**HOW TO COMPLETE THIS TASK**: Output all of the data exactly as it appears, but leave out any pictures it contains.

**DATASET SECTION**:
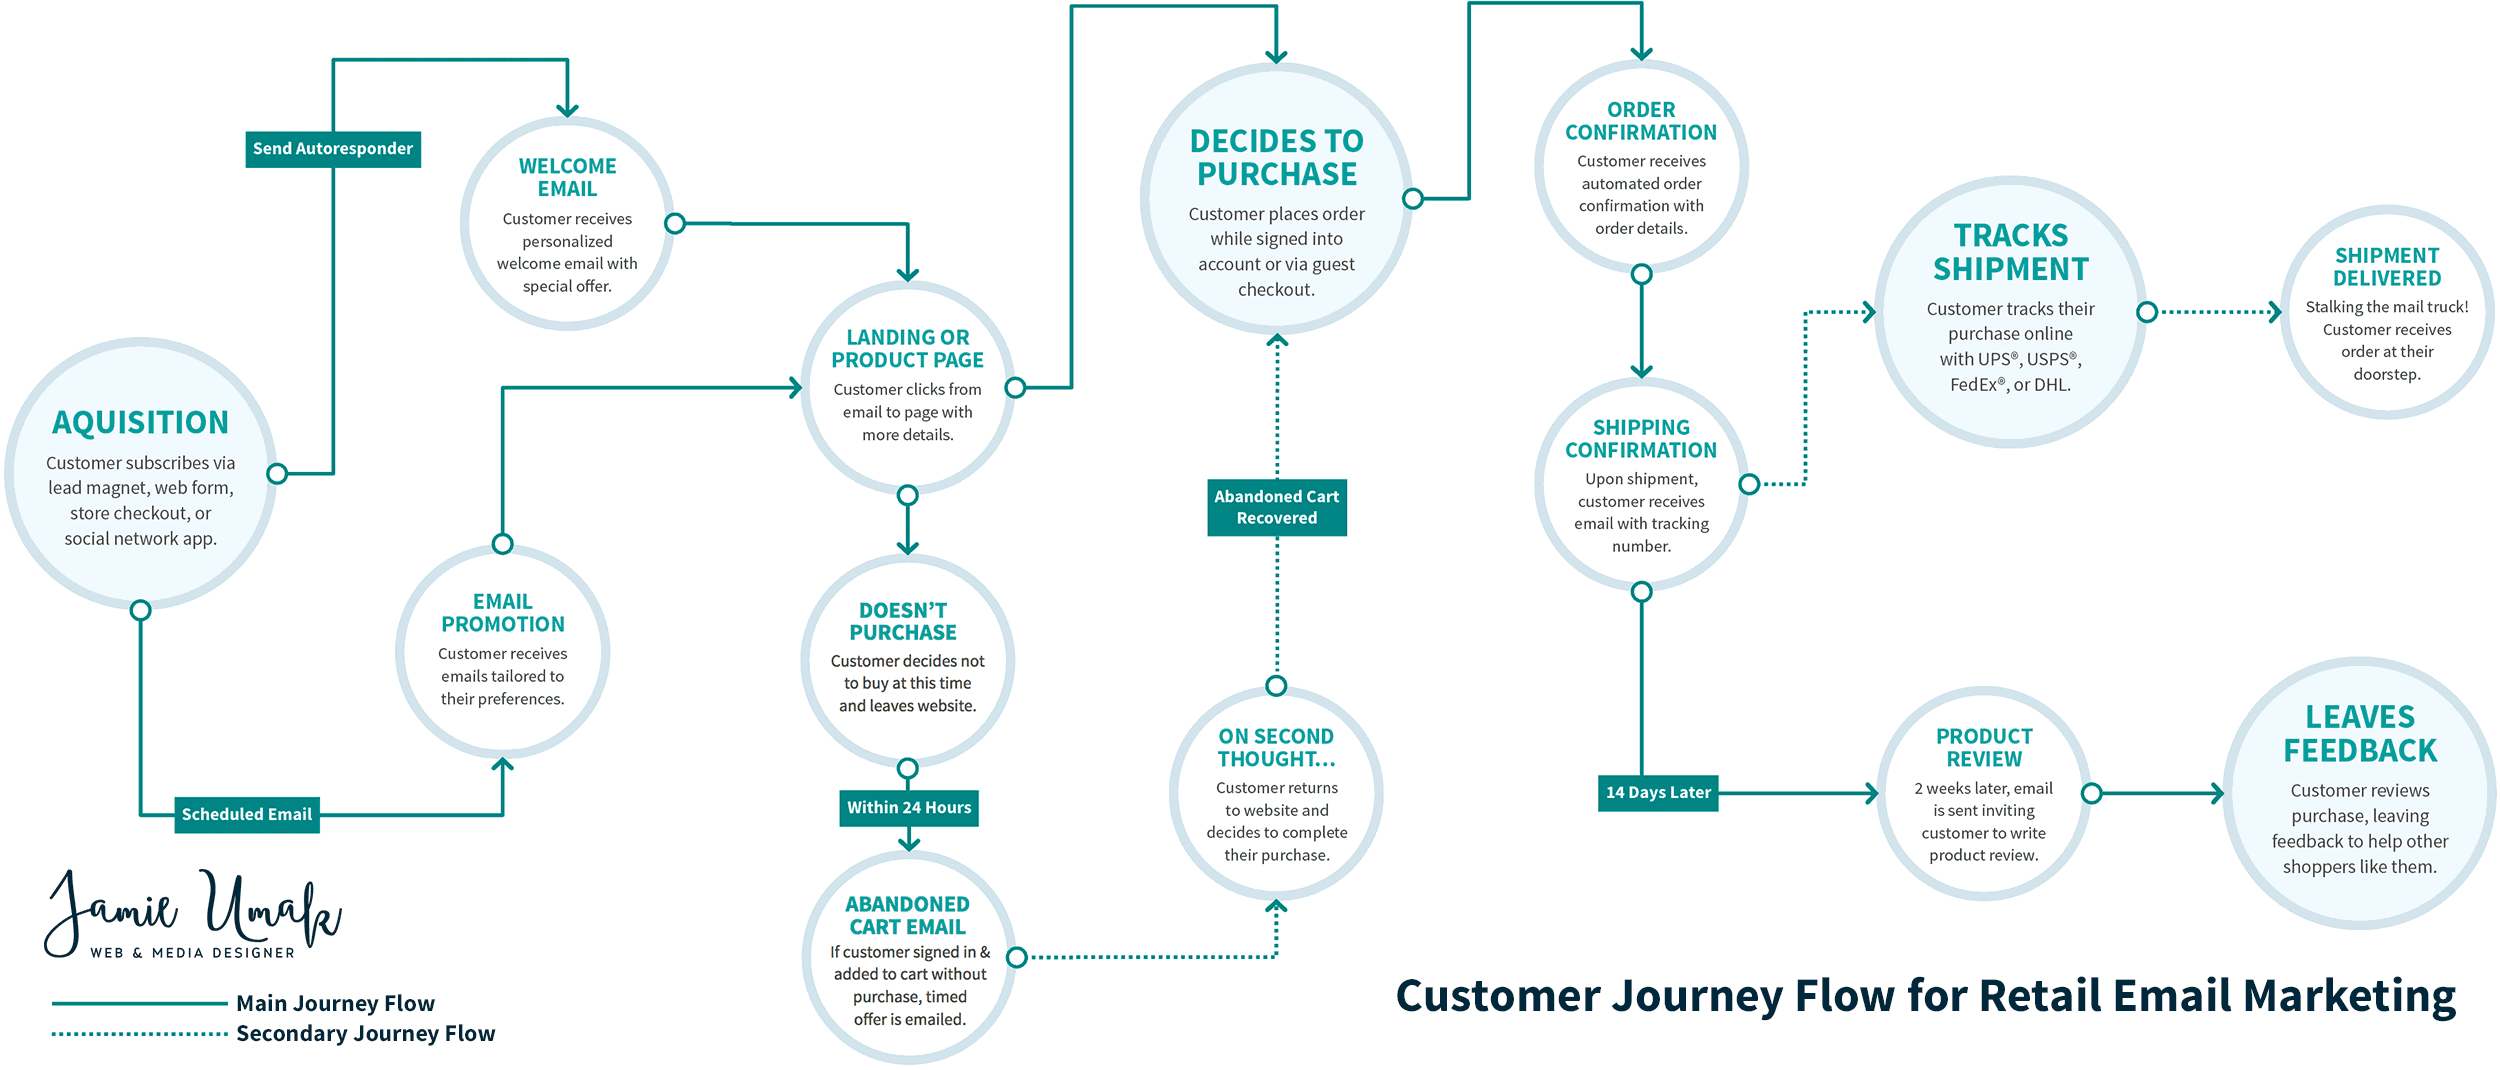 Chart: Customer Journey Flow for Retail Email Marketing
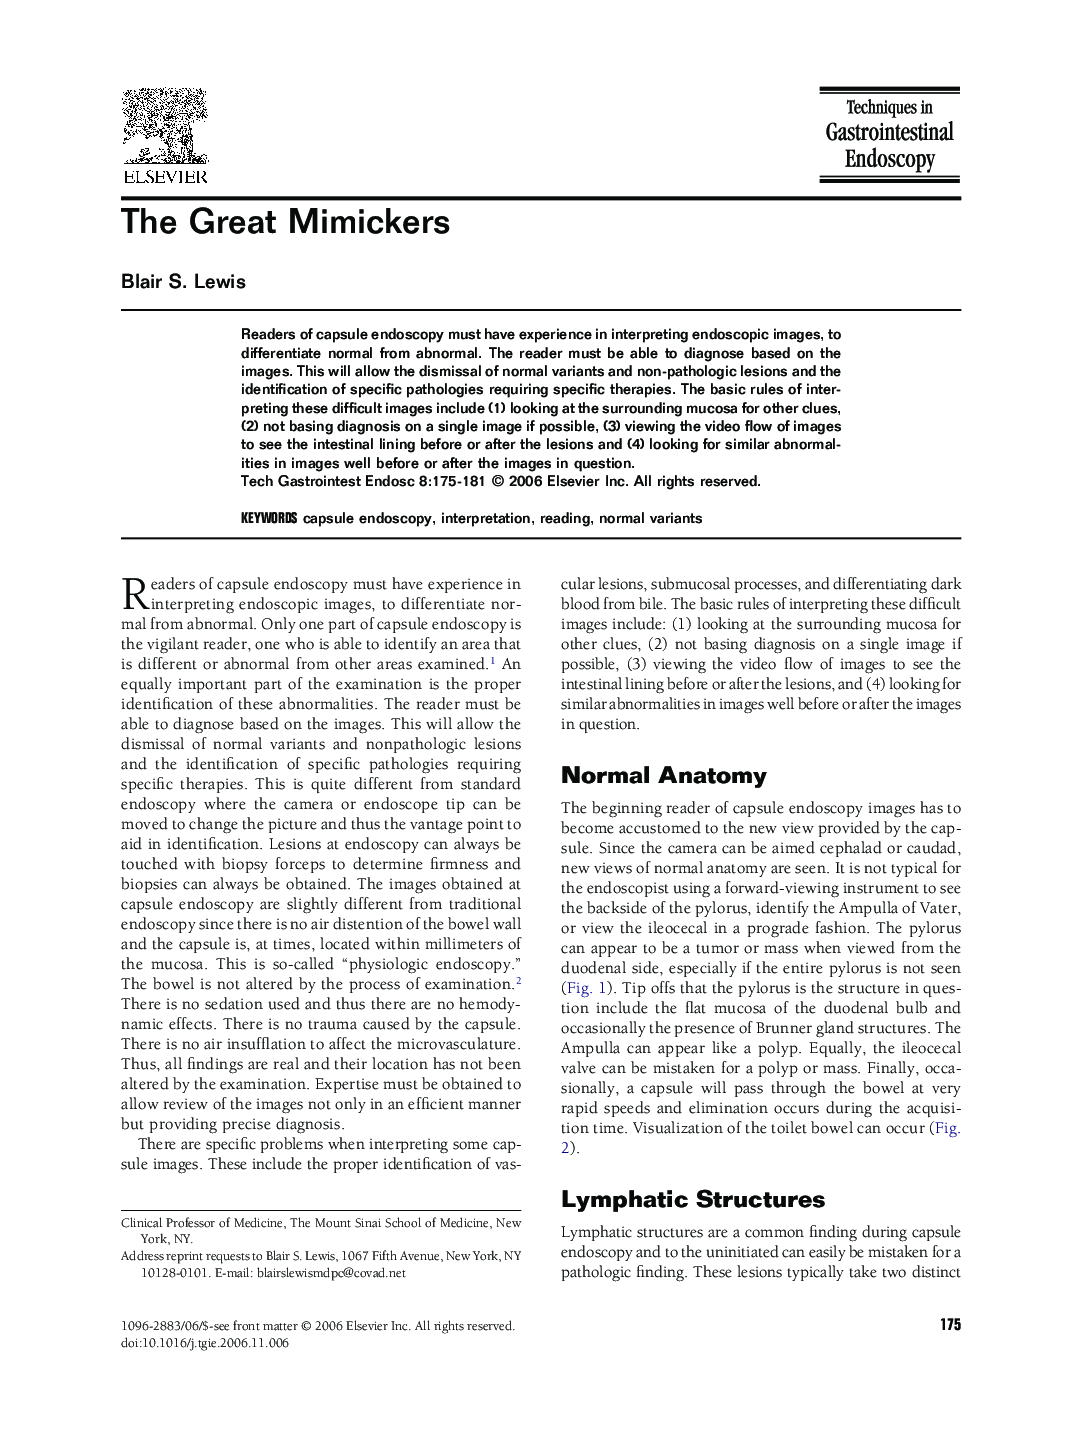 The Great Mimickers
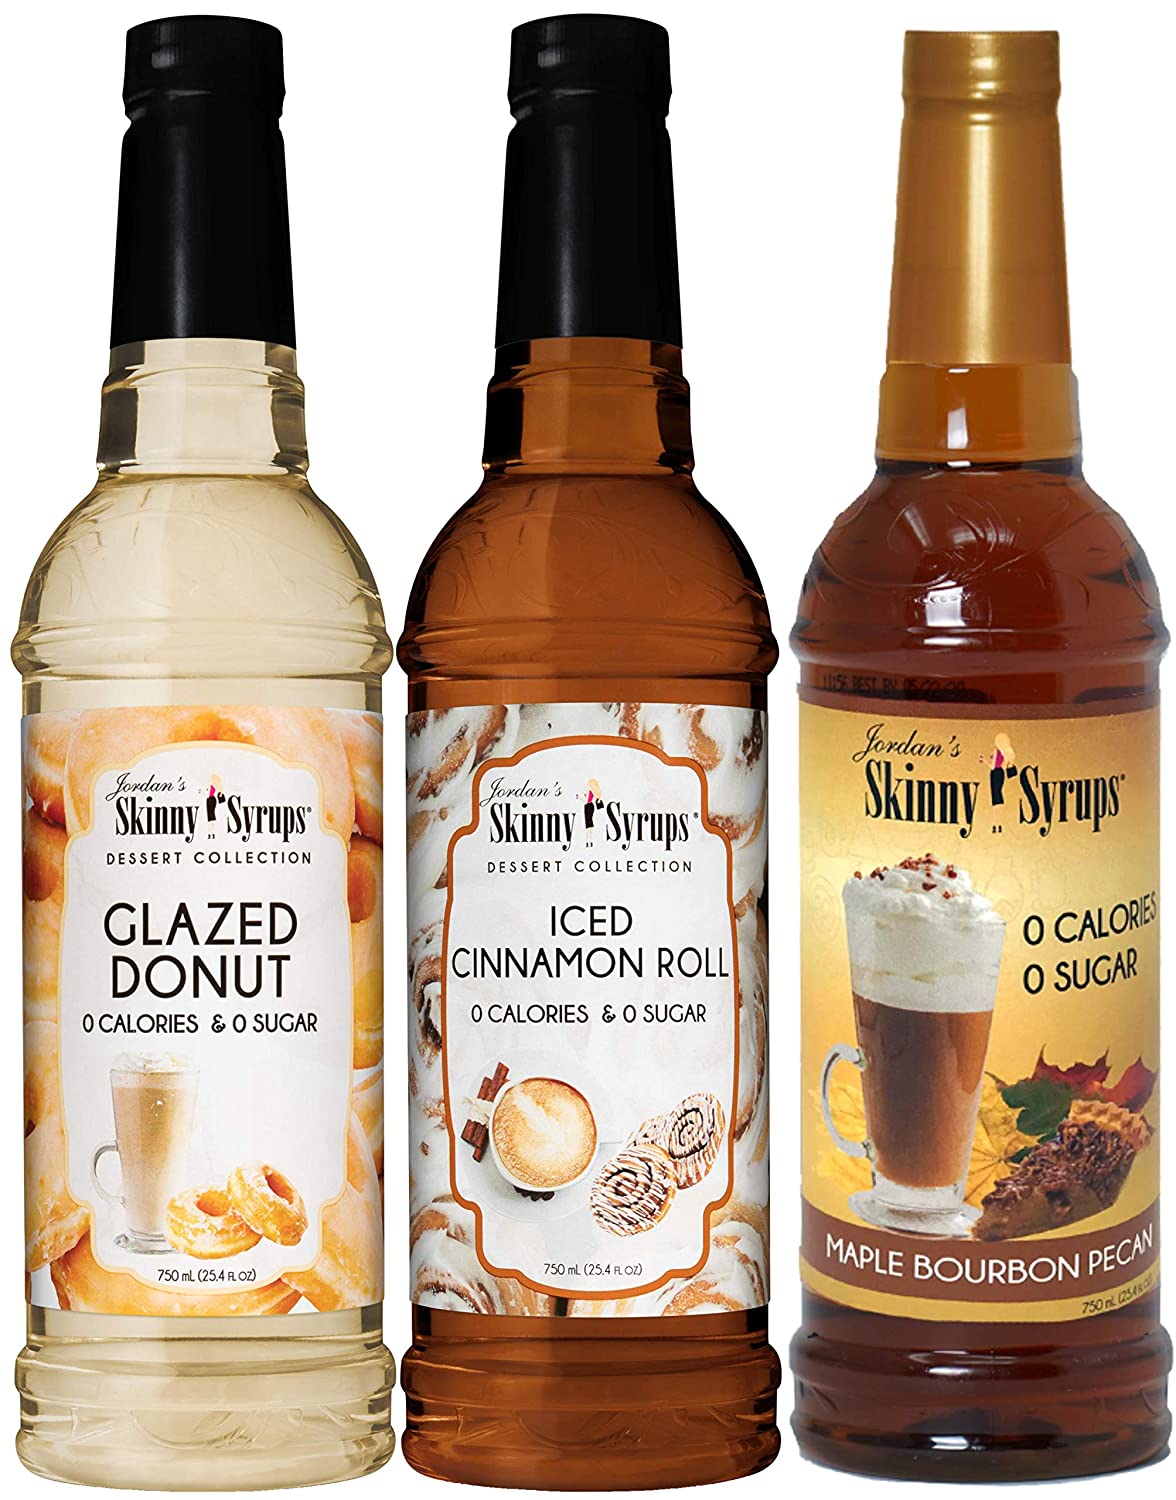 Jordan's Syrups Sugar Free Dessert Trio, Glazed Donut, Cinnamon Roll, and Maple Bourbon Pecan 750 ml (Pack of 3) with By The Cup Coasters

**RESULT OF THE EXERCISE**:
 Chart: Customer Journey Flow for Retail Email Marketing
 The Great Mimickers
 Jordan's Syrups Sugar Free Dessert Trio, Glazed Donut, Cinnamon Roll, and Maple Bourbon Pecan 750 ml (Pack of 3) with By The Cup Coasters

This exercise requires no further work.